リナリアの思う甘える行為とは、物を強請ったり、相手に全て頼りきる事ではない。ただ日常の、ささいな触れ合いのことだ。
グラジオラスの愛するリナリアは、そういう娘なのだ。
「じゃあ、それとなく言っておくよ」
オーキッドはとてもいい笑顔で、ぱちりと片目で瞬きをした。
リナリアの「え?」という疑問の声は聞こえない振りをして、時計を見ながら「急がないと!」と言って歩き出す。
わざとらしかった。
立ち上がろうとしたリナリアに、見送りはいいと告げて、部屋を出ると、グラジオラスの部屋へ向かう。
用件を手短に伝えると、オーキッドはさっさと出発した。帰ってきた時には、またリナリアに質問されるだろうが、今は悪戯を仕返した気持ちだった。歌でも口ずさみそうな上機嫌で、馬車の中から遠ざかるレユシット邸を眺める。
「いいことしたな~」
頬杖をついて、オーキッドは呟いた。
オーキッドとほぼ入れ違いに、グラジオラスがリナリアのいる部屋にやってきた。急いで来た様子に、リナリアは驚いて立ち上がる。

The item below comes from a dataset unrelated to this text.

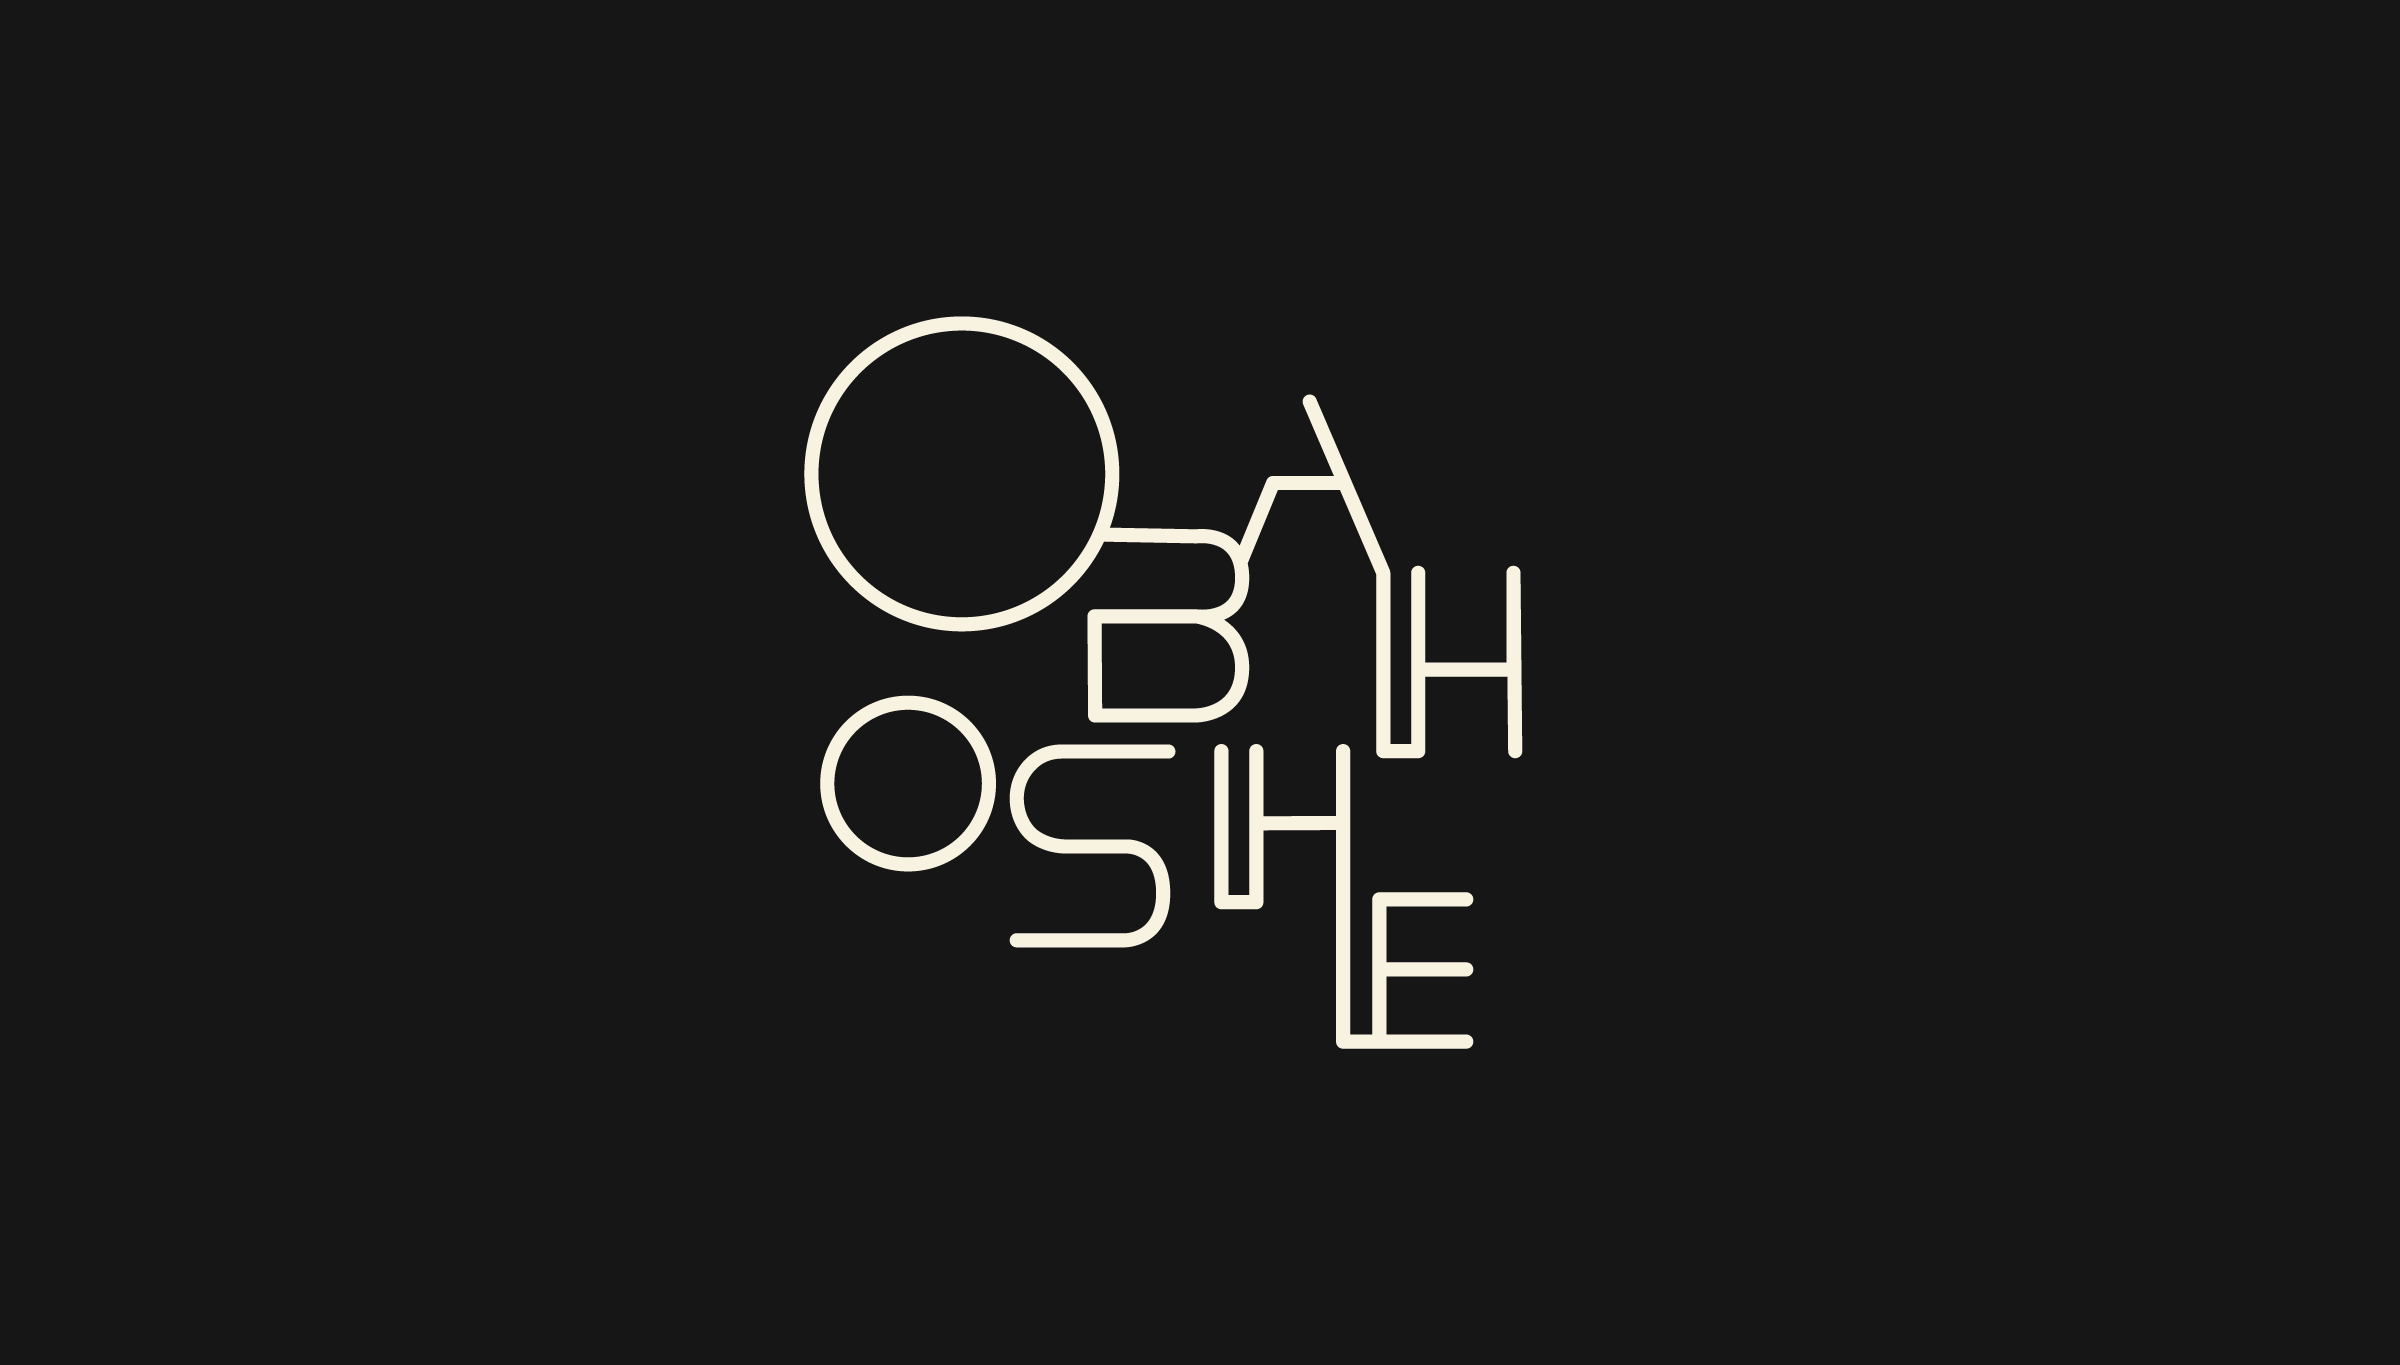 Obahoshe Rum logo

娘の前まで歩いてくると、グラジオラスは突然真顔で「気にするな」と言う。
リナリアがぽかんとしていると、堪えきれなくなったように、グラジオラスが笑み崩れた。
「存分に甘えてくれ。その方が、私も嬉しい」
そう言って、グラジオラスは娘を強く抱き締めたのだった。
カーネリアンが仕事から帰ると、妻がいつも以上に愛らしく擦り寄ってくるので、然り気無く理由を尋ねた。すると、昼間、父との間にあったやり取りを聞いて、妻の機嫌がいい事にカーネリアンは納得する。状況は嬉しいが、理由が面白くないと思っていると、「オーキッドさんに言われたんだけど」と、リナリアが囁く。
聞き逃すまいと、カーネリアンがそっと顔を寄せると、リナリアはほんのり頬を赤く染めて、ぽつぽつと続きを口にする。
「カーネリアンは、今でも私の事、大事にしてくれてるけど……ずっと夫婦円満でいたいから……遠慮しないで、今日は甘える事にする」
言い終えたリナリアは、ぎゅっと固く目を閉じて、夫の頬に唇を触れさせると、すぐに離した。熱くなった顔を埋めて、カーネリアンの体に絡み付く。
リナリアはそれきり無言だったが、ここで読み違えるほど、カーネリアンも愚かではなかった。
カーネリアンはこの日、大いにオーキッドに感謝した。
レユシット家の夫婦仲は、相変わらず円満である。